IBM, UnitedHelath, Victoria’s Secret, State Street, Discovery Channel, Paramount, Bank of America, Citigroup, PepsiCo, Disney, Deloitte, PayPal, GE, Chipotle, Accenture, Amazon, Target… la liste est longue et s’alourdit chaque jour du nom d’entreprises se confortant aux nouvelles règles imposées par le décret de Donald Trump concernant les politiques « DEI » (Diversité, Equité, Inclusion) des compagnies opérant sur le sol américain. Parmi ces entreprises, nombreuses sont engagées dans le développement des clubs et ligues féminines, c’est pourquoi Ecosport Women a choisi d’explorer, avec le concours de Carole Gomez et Jean-Bapriste Guégan, les conséquences à venir du décret trumpiste sur la croissance commerciale et économique du sport féminin américain.

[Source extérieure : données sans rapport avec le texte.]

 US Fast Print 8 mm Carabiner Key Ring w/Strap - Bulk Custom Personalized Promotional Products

Le rôle du narratif de l’empowerment dans l’essor du sport féminin professionnel
A l’instar du « mythe intégrateur » du sport (W. Gasperini), le développement spectaculaire du sport professionnel féminin s’est construit sur le narratif principal de « l’empowerment », la capacité d’émancipation des femmes par le sport, qui induit la confiance en soi et des compétences en leadership. Le cabinet Deloitte présentait en septembre 2023 une étude dans ce sens, stipulant que « 85% des femmes ayant pratiqué du sport déclarent que cela a eu un impact important dans leur carrière« , mettant également l’emphase sur l’impact du sport de haut niveau sur l’accès aux hautes carrières.

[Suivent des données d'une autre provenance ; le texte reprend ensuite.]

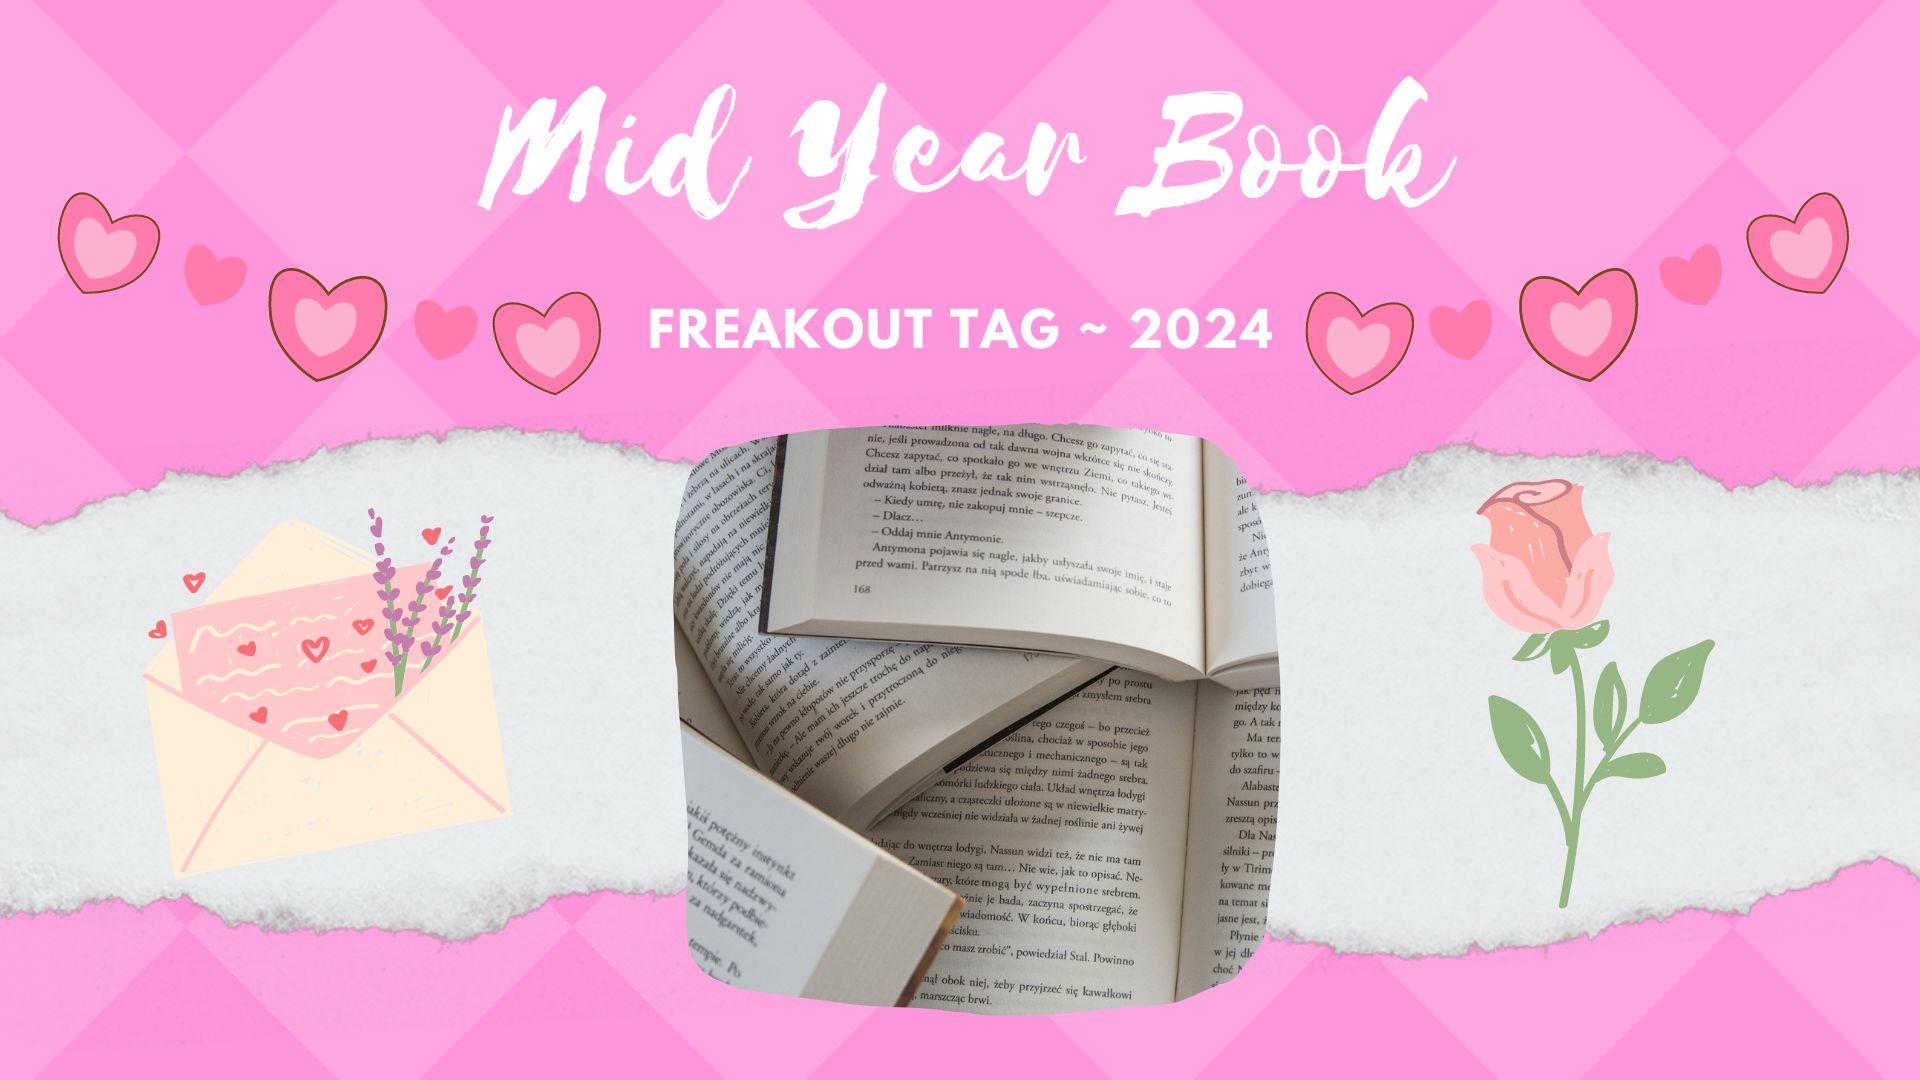 Mid Year Book Freakout Tag 2024

Cet empowerment et les « valeurs » qui seraient spécifiques au sport pratiqué par des femmes ont constitué de fait un environnement d’opportunité pour les parrainages de marques, dont le sponsoring permettrait un « alignement avec la culture de l’entreprise », « un renforcement de notre image auprès de nos parties prenantes ». Au Royaume-Uni, la fondation Women’s Sport Trust avait d’ailleurs établi que 77% des entreprises sponsors du sport féminin positionnaient leur engagement pour « promouvoir leur responsabilité/engagement sociétal« .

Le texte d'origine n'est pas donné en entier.